Experience working on Production engineering/ production support projects is a must which includes handling teams working in 24/7 model.
Good understanding of Incident, change, service req management is a daily routine so candidate should know how to manage the workload, rotate FTEs as and when required.
Management of Ad hoc activities such as Vulnerabilities fixes/ patching awareness is required.
Should be able to lead BAU governance activities Daily, Weekly & Monthly cadence with necessary reporting data.
Knowledge of applying SRE practices to daily operations is key.
Computer Science and/or Engineering degrees are preferred.
Having domain experience in Domestic Banking application areas (IMPS/ UPI) will be a great advantage.
Working Experience/ Awareness:
24x7 operations support model for mission critical applications and infrastructure using ServiceNow as the ITSM ticketing tool.
Hybrid and private-cloud operational support / administration activities such as provision, capacity management, reliability management, monitoring, restoration, etc.
Working knowledge on AppDynamics and Splunk for monitoring and setting up observability is key. CI/CD tool chains, setting up and running deployment pipelines and propagating changes on different environments. Maintaining middleware such as MQ as well as application servers (Tomcat).
Maintain Hazelcast Data storage platform clusters and Control M job schedulers.
Kubernetes cluster management, monitoring, and remediation. Knowledge of Docker is important.
Automating deployments and scripting self-healing workflows based on telemetry.
Work closely with the team to define SLIs and configure SLOs, respond to threshold alerts and optimize monitoring capability.
Work closely with the team to understand the code as well as configuration artifacts to debug and fix issues that may arise.
Must be inclined to work on proof of concepts solutions to optimize reliability such as those incorporating AI models for event correlation and assisted triaging.

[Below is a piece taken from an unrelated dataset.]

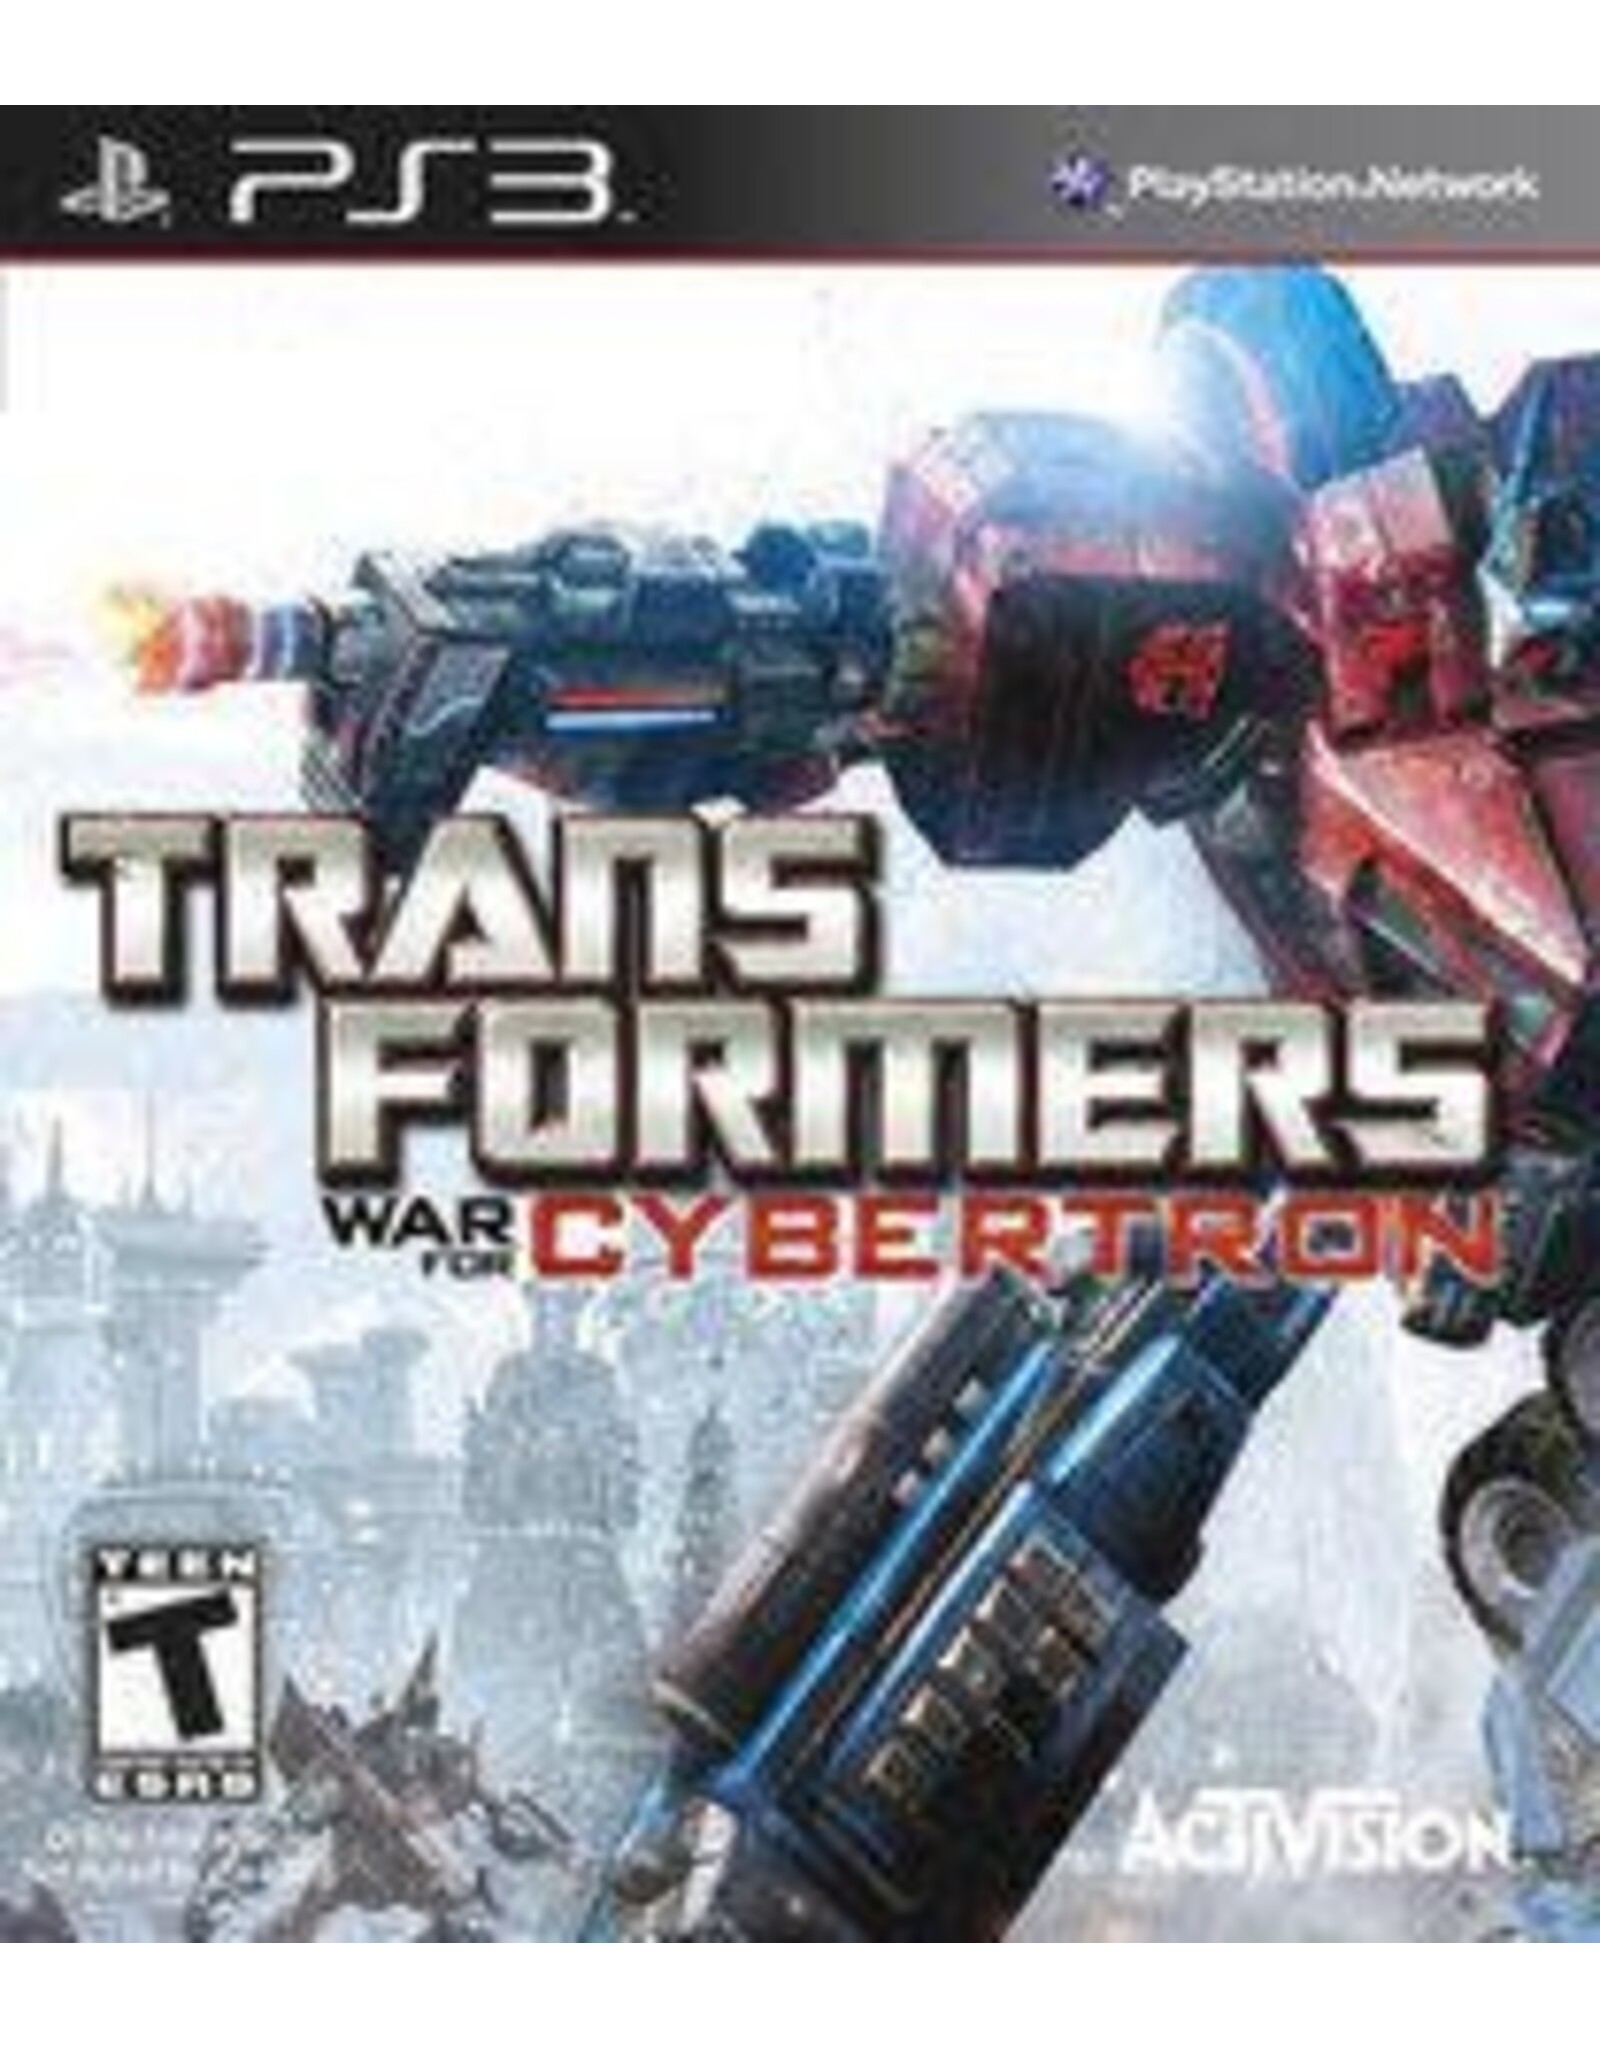 Playstation 3 Transformers: War for Cybertron (CiB)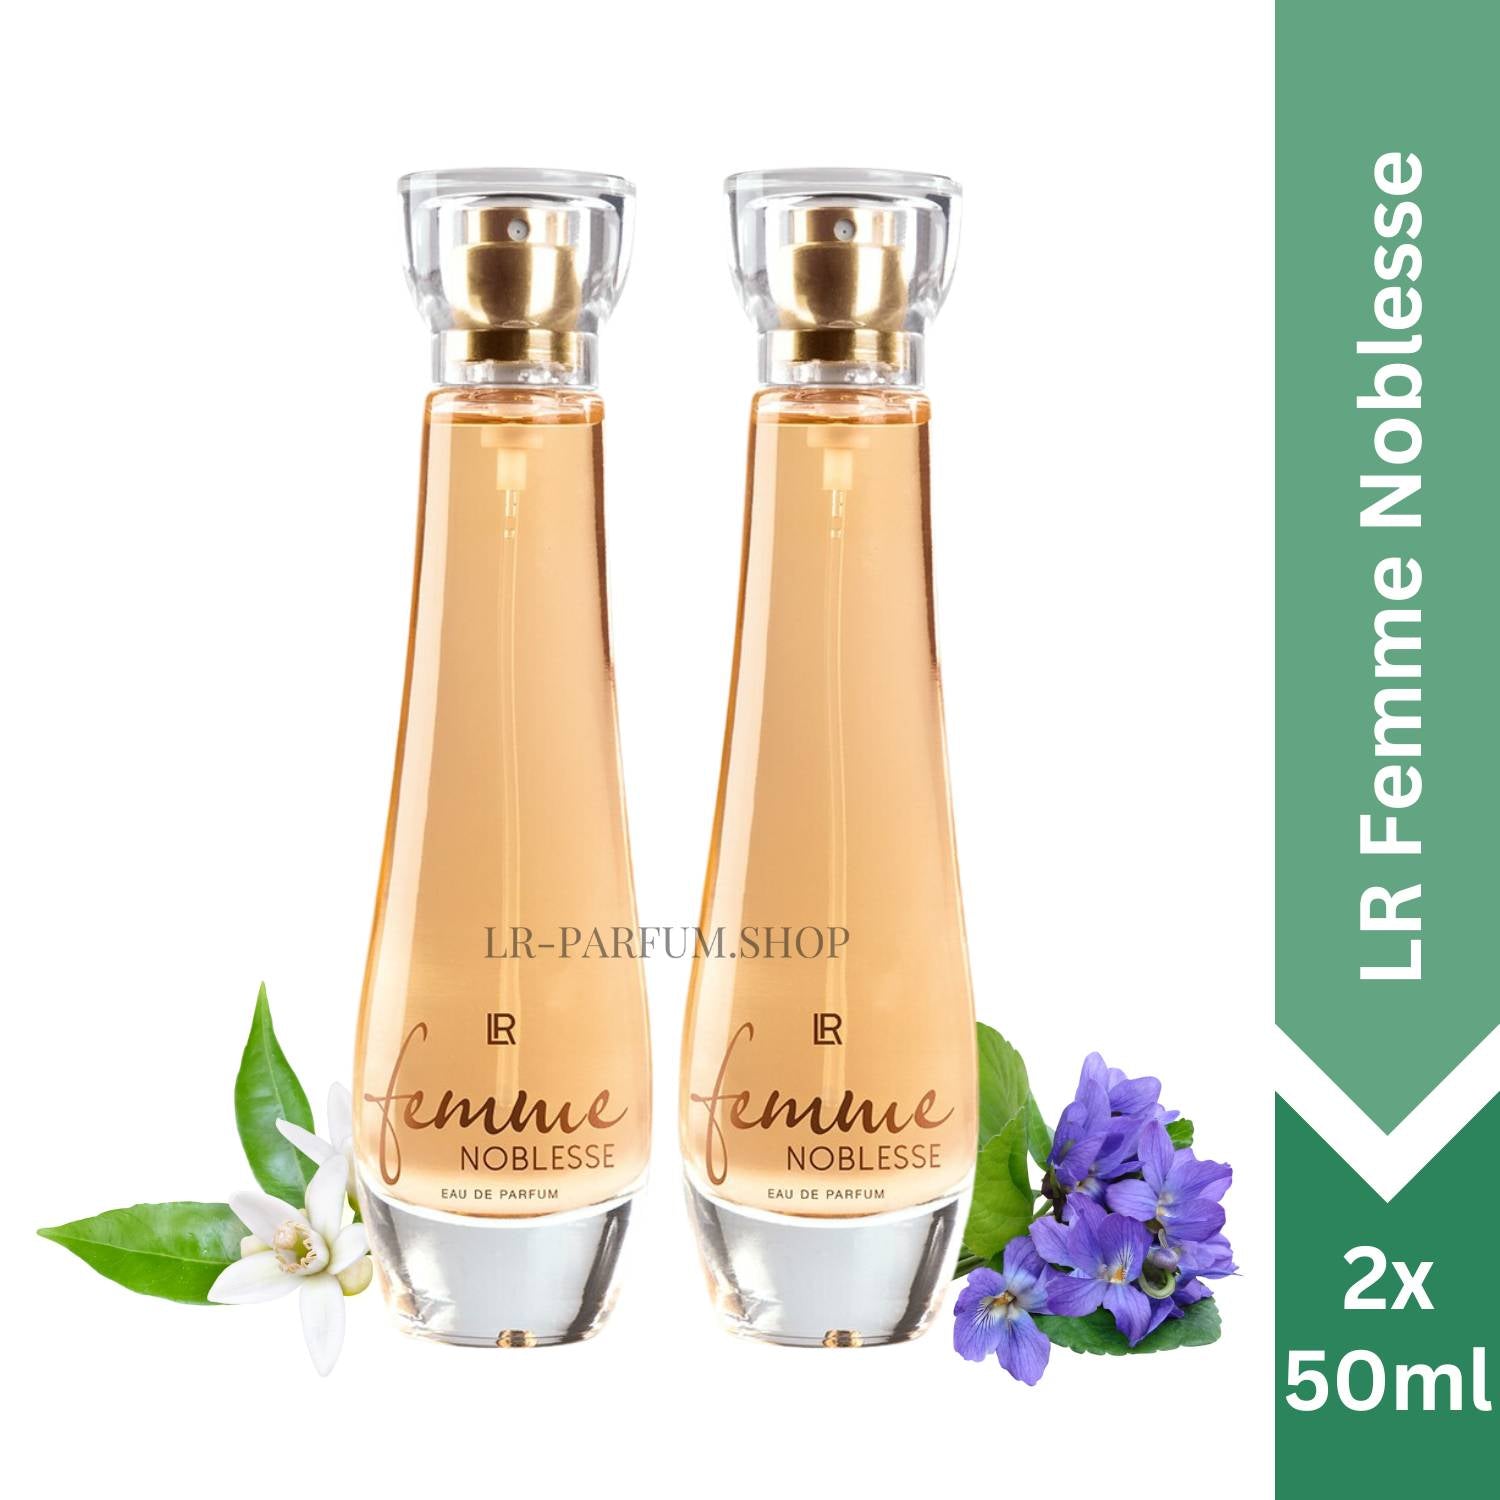 LR Femme Noblesse - Eau de Parfum, 2er Pack (2x 50ml) - LR-Parfum.shop

Able to lead & drive SRE team to parallelly work on Service or Change Requests, Defect management board, backlog management in agile manner.
Good to have:
SRE Foundation certification by DevOps Institute or any other equivalent certification on SRE by a recognized body is mandatory.
ITIL/ ITSM certified
About Virtusa
Teamwork, quality of life, professional and personal development: values that Virtusa is proud to embody. When you join us, you join a team of 27,000 people globally that cares about your growth — one that seeks to provide you with exciting projects, opportunities and work with state of the art technologies throughout your career with us.
Great minds, great potential: it all comes together at Virtusa. We value collaboration and the team environment of our company, and seek to provide great minds with a dynamic place to nurture new ideas and foster excellence.
Virtusa was founded on principles of equal opportunity for all, and so does not discriminate on the basis of race, religion, color, sex, gender identity, sexual orientation, age, non-disqualifying physical or mental disability, national origin, veteran status or any other basis covered by appropriate law. All employment is decided on the basis of qualifications, merit, and business need.